Pakar Universitas Indonesia Pratiwi Sudarmono menyampaikan aspirasinya tentang materi yang akan tercakup dalam rancangan peraturan pemerintah yang sedang disusun. Pratiwi berharap rancangan peraturan ini dapat mencakup hal-hal yang telah dilakukan seperti Health Technology Assessment dan Material Transfer Agreement. Selain itu Pratiwi juga menyampaikan pentingnya menjembatani berbagai stakeholders yang terlibat.
Mengenai pemanfaatan teknologi kesehatan, perwakilan dari RSUP Kariadi Semarang dr. Faza menyampaikan masukannya. “Harapannya rancangan peraturan ini dapat meng-cover teknologi kesehatan yang dapat dinikmati masyarakat luas. Tidak hanya pada center-center tertentu saja, bukan hanya kota besar, namun juga di daerah terpencil,” tuturnya.
Perwakilan Asosiasi Genomik Indonesia Iva yang turut hadir juga menyampaikan aspirasinya terkait penelitian, pengembangan, dan pengkajian. “Kita seharusnya bisa berkolaborasi, baik dari pemerintah, akademik dan swasta. Afiliasi yang ada belum bisa dikaitkan satu sama lain, sehingga perlu penguatan koordinasi dan fasilitasi,” katanya.

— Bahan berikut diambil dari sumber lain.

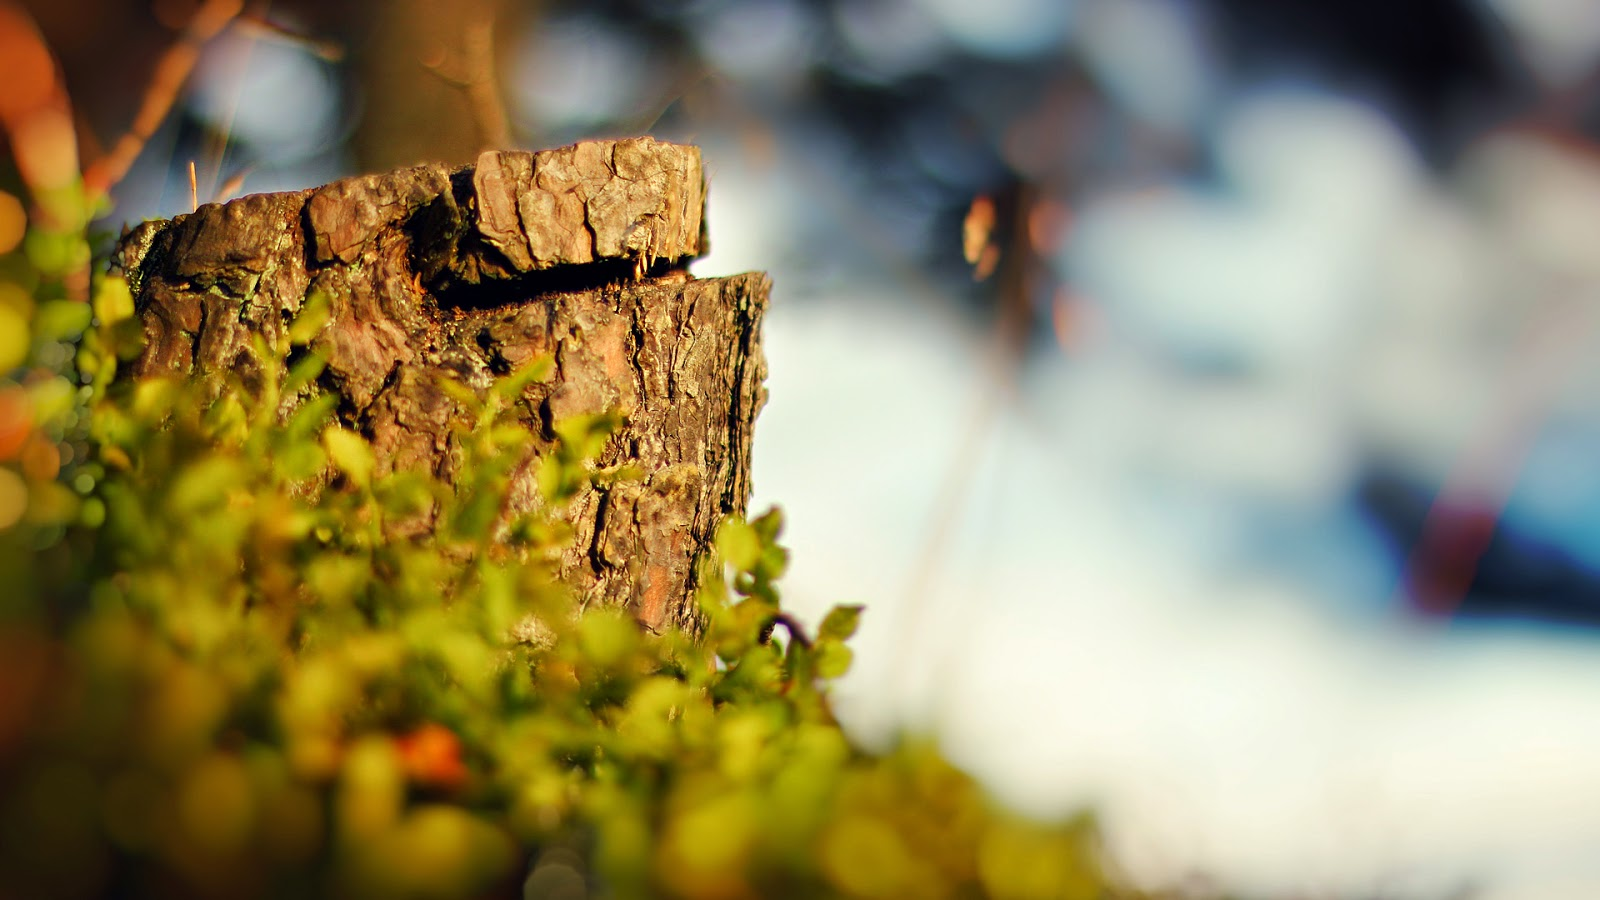 Nature wallpaper 1080p

Hadir pula Ahmad Hidayat perwakilan Forum Komunikasi Teknologi Informasi Kesehatan Nasional. Ahmad berharap agar pengembangan teknologi kesehatan memanfaatkan sistem informasi yang sudah menggunakan standar data, metadata dan interoperability yang sudah dibuatkan konsep dan template-nya.
Sementara itu dari Komisi Nasional Hak Asasi Manusia Desi mengingatkan agar dapat memasukkan aspek hak asasi manusia dalam rancangan peraturan pemerintah ini. “Standar Norma dan Pengaturan tentang Hak atas Kesehatan yang sudah disusun Komisi Nasional Hak Asasi Manusia mungkin bisa dirujuk agar tidak diskriminatif.” jelasnya.
Masyarakat masih terus dapat menyampaikan partisipasi dan aspirasinya terhadap Rancangan Peraturan Pemerintah tentang Pelaksanaan Undang-undang Kesehatan. Aspirasi dapat disampaikan melalui website partisipasisehat.kemkes.go.id. (Penulis Yuliana/Editor Timker KLI)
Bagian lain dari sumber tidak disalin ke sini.